# What is expected
Give back the whole listing verbatim, printing none of its pictures.
═════ Data below ═════
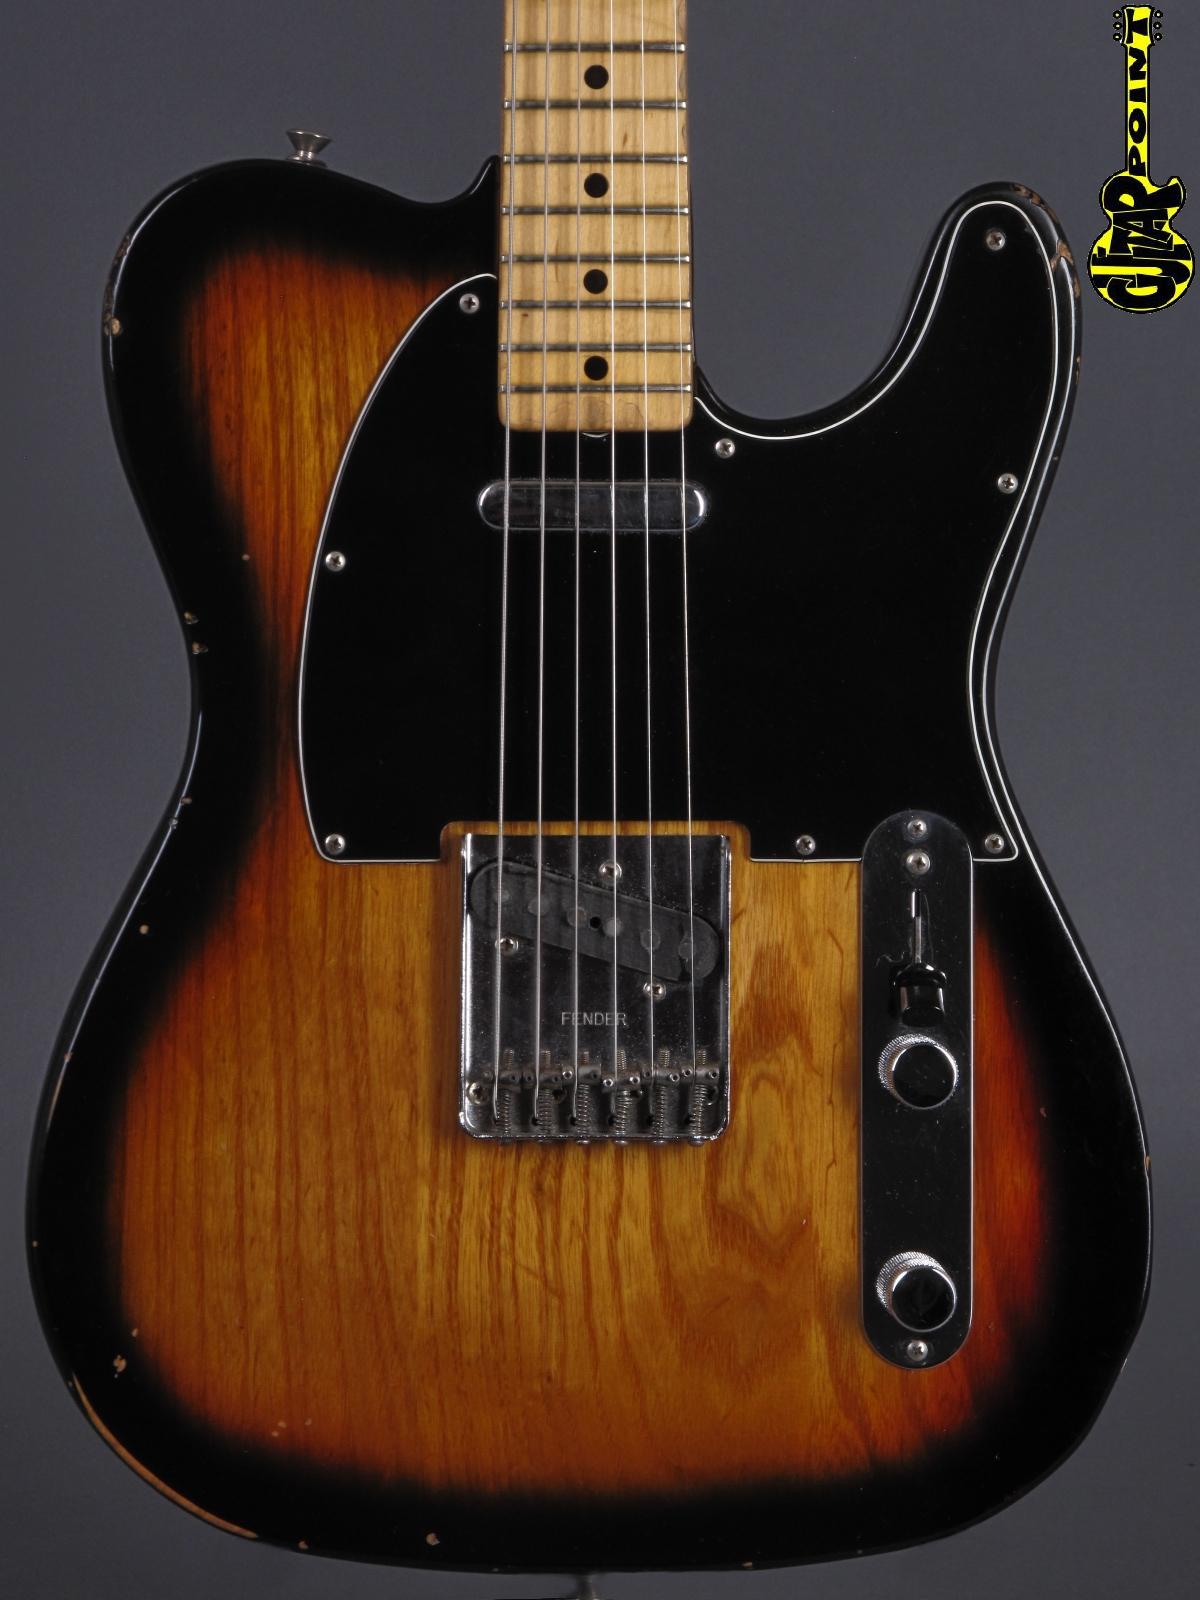 1978 Fender Telecaster - Sunburst
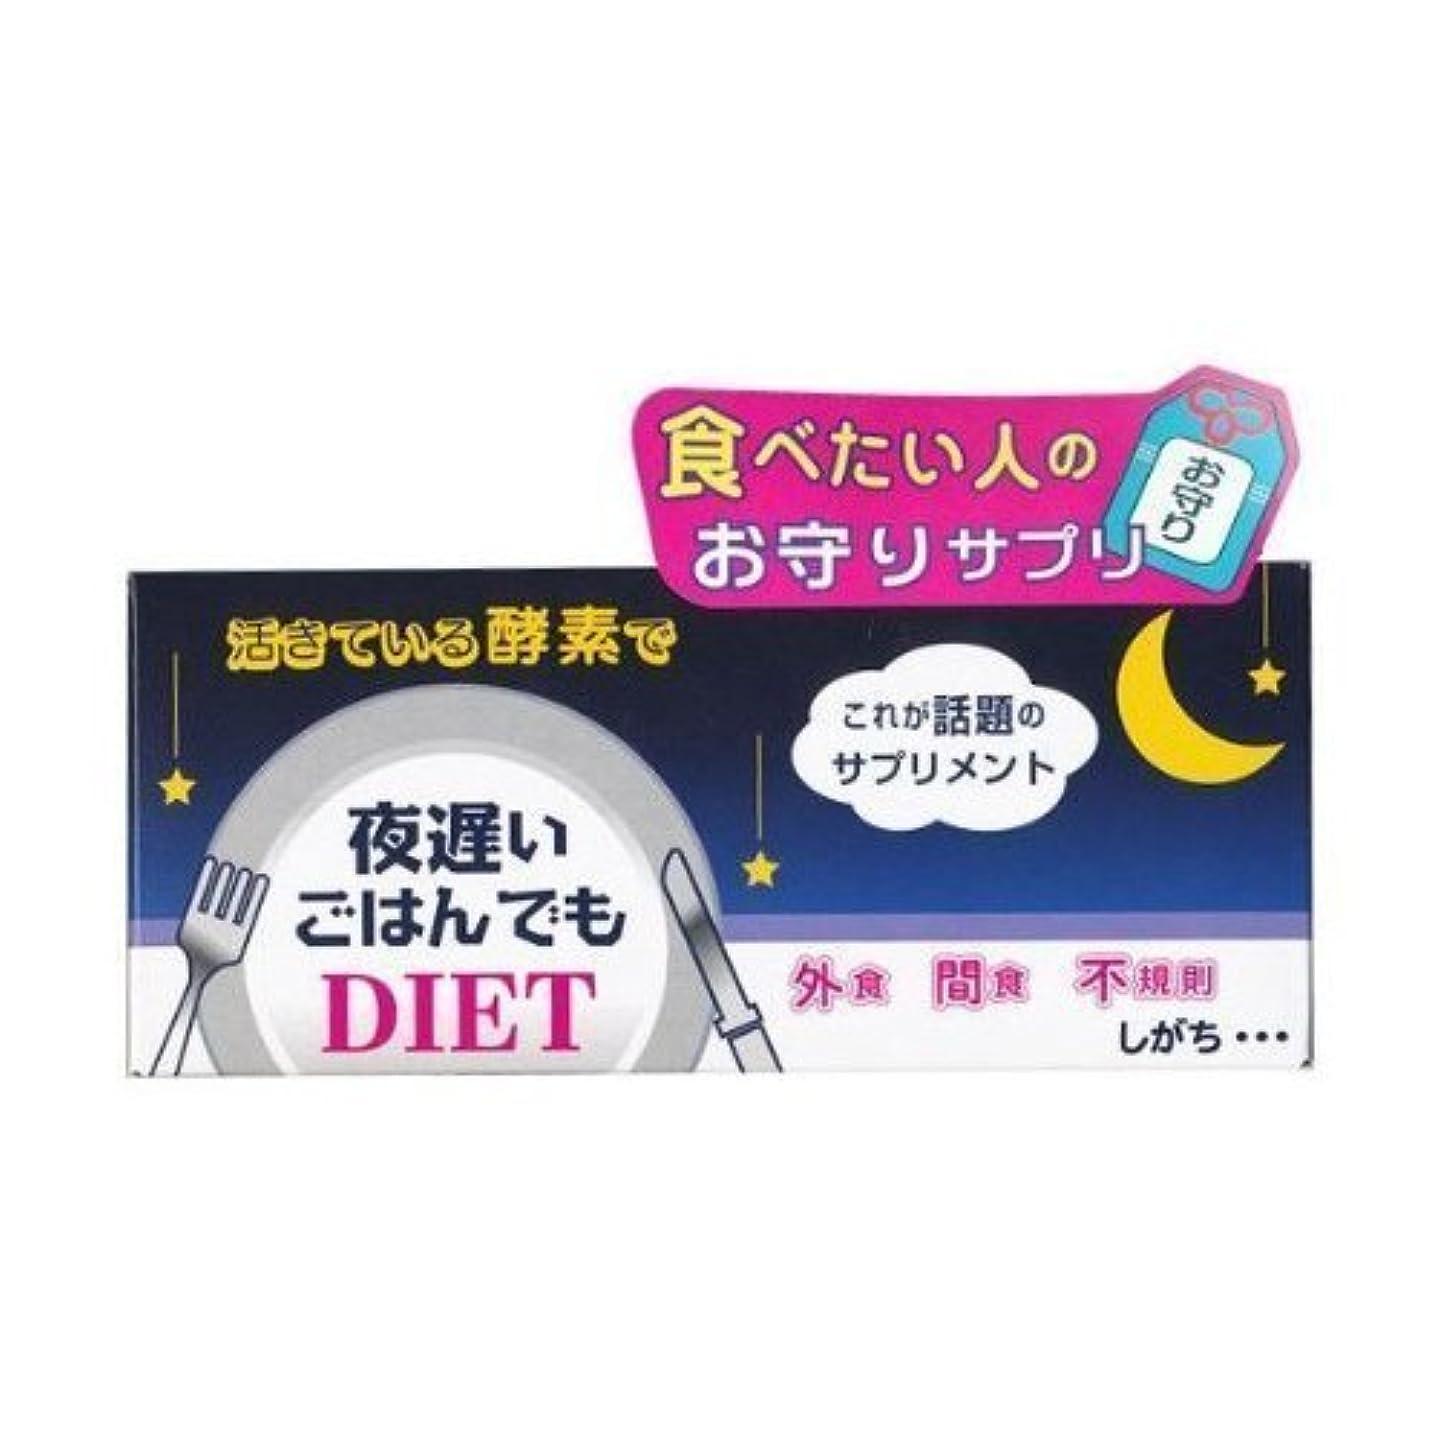 旋律的アルバム未知の新谷酵素 夜遅いごはんでも 30包 【2箱セット】
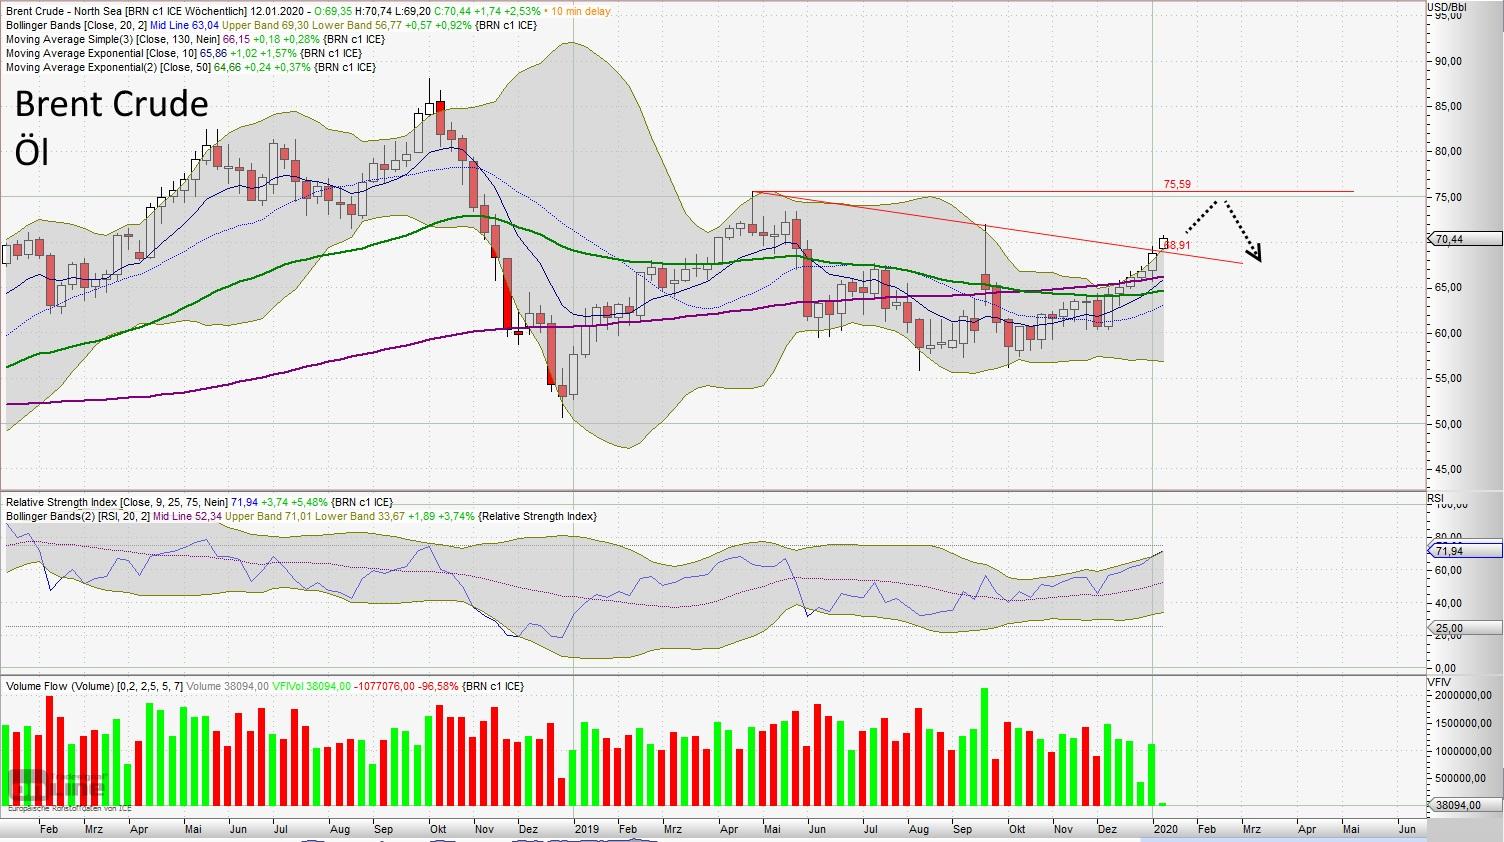 Brent Crude Öl - aktuelle Chartanalyse von Lars Hattwig
═════
# Answer space
 1978 Fender Telecaster - Sunburst
 旋律的アルバム未知の新谷酵素 夜遅いごはんでも 30包 【2箱セット】
 Brent Crude Öl - aktuelle Chartanalyse von Lars Hattwig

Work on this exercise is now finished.